**DATA BLOCK:**
◇ ◇ ◇
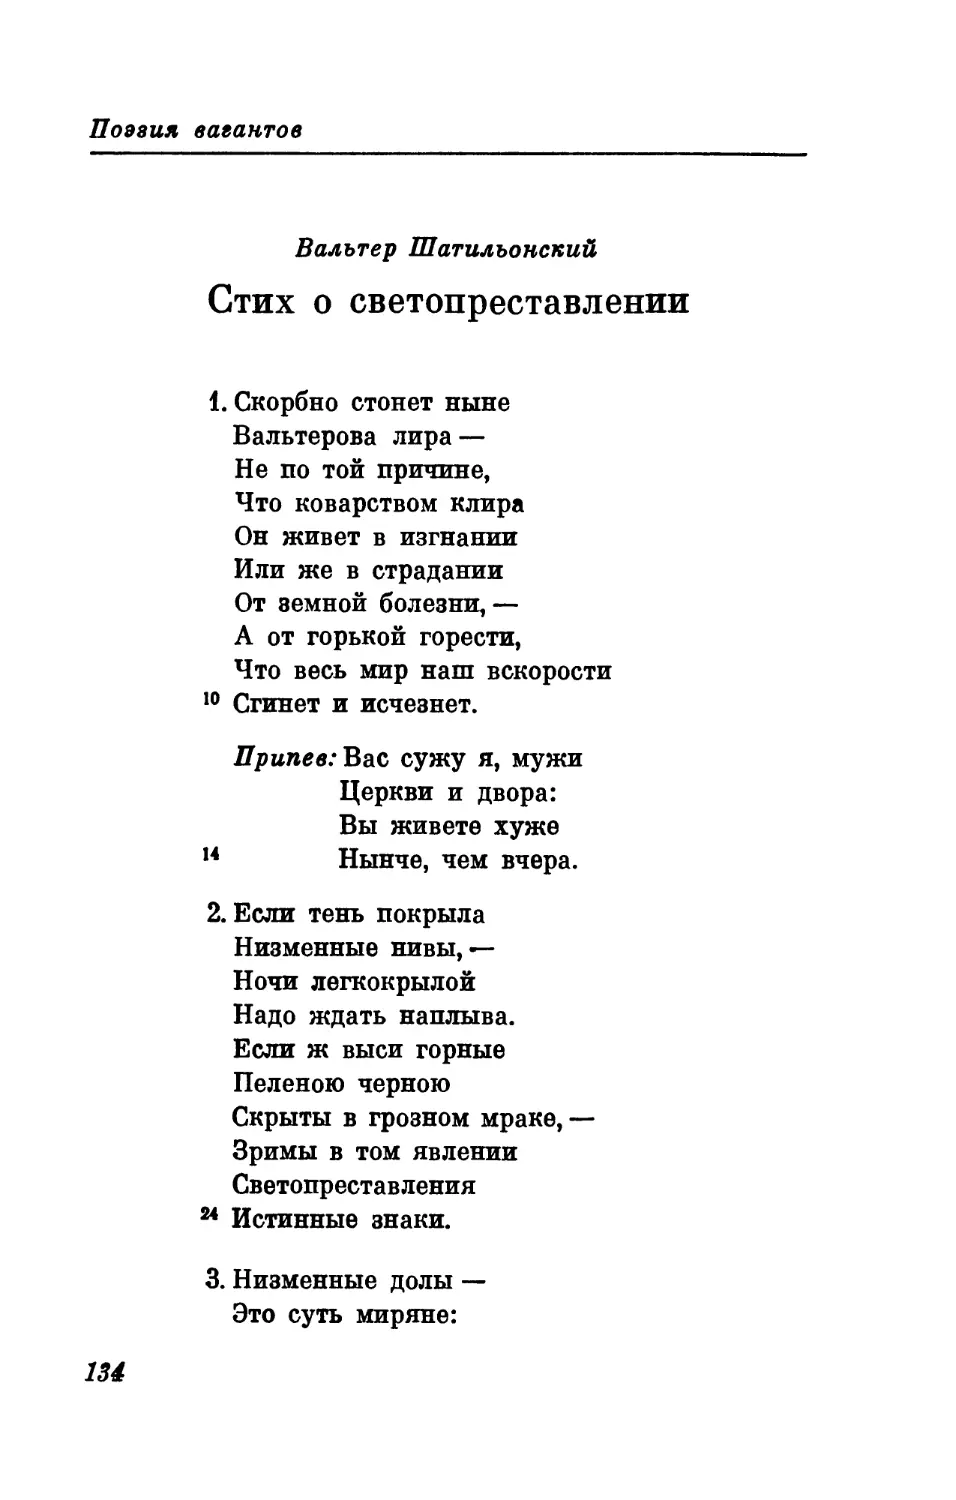 Вальтер Шатильонский, Стих о светопреставлении
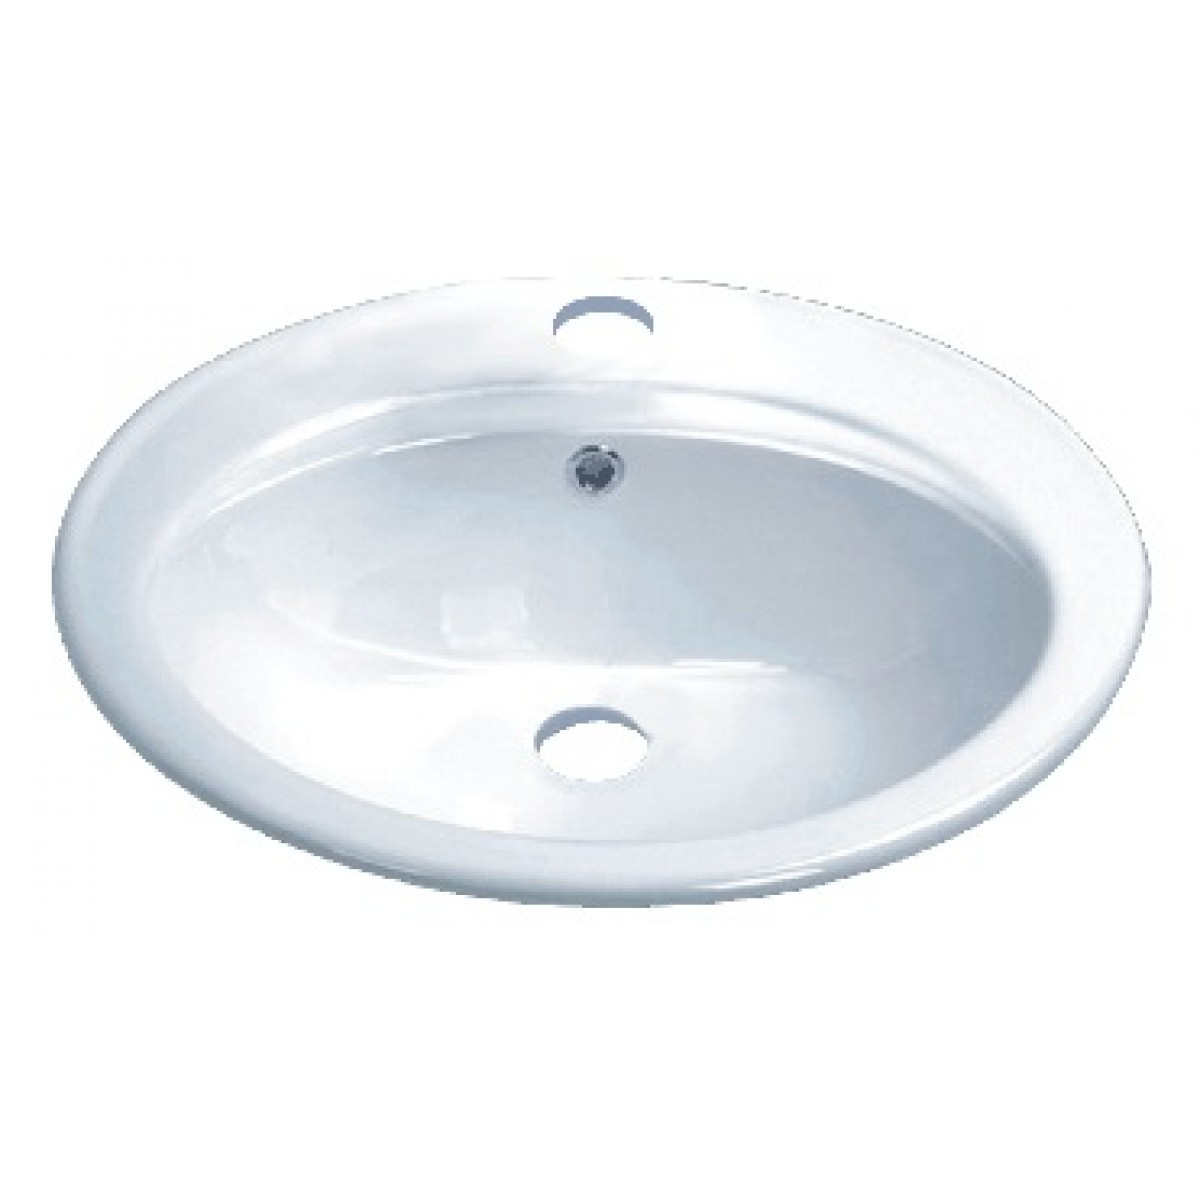 Drop In Bathroom Sink
 Porcelain Ceramic Vanity Drop In Bathroom Vessel Sink 22
◇ ◇ ◇
All of the listing should be transcribed exactly, but none of its images.

**RESPONSE TO THIS TASK:**
 Вальтер Шатильонский, Стих о светопреставлении
 Drop In Bathroom Sink
 Porcelain Ceramic Vanity Drop In Bathroom Vessel Sink 22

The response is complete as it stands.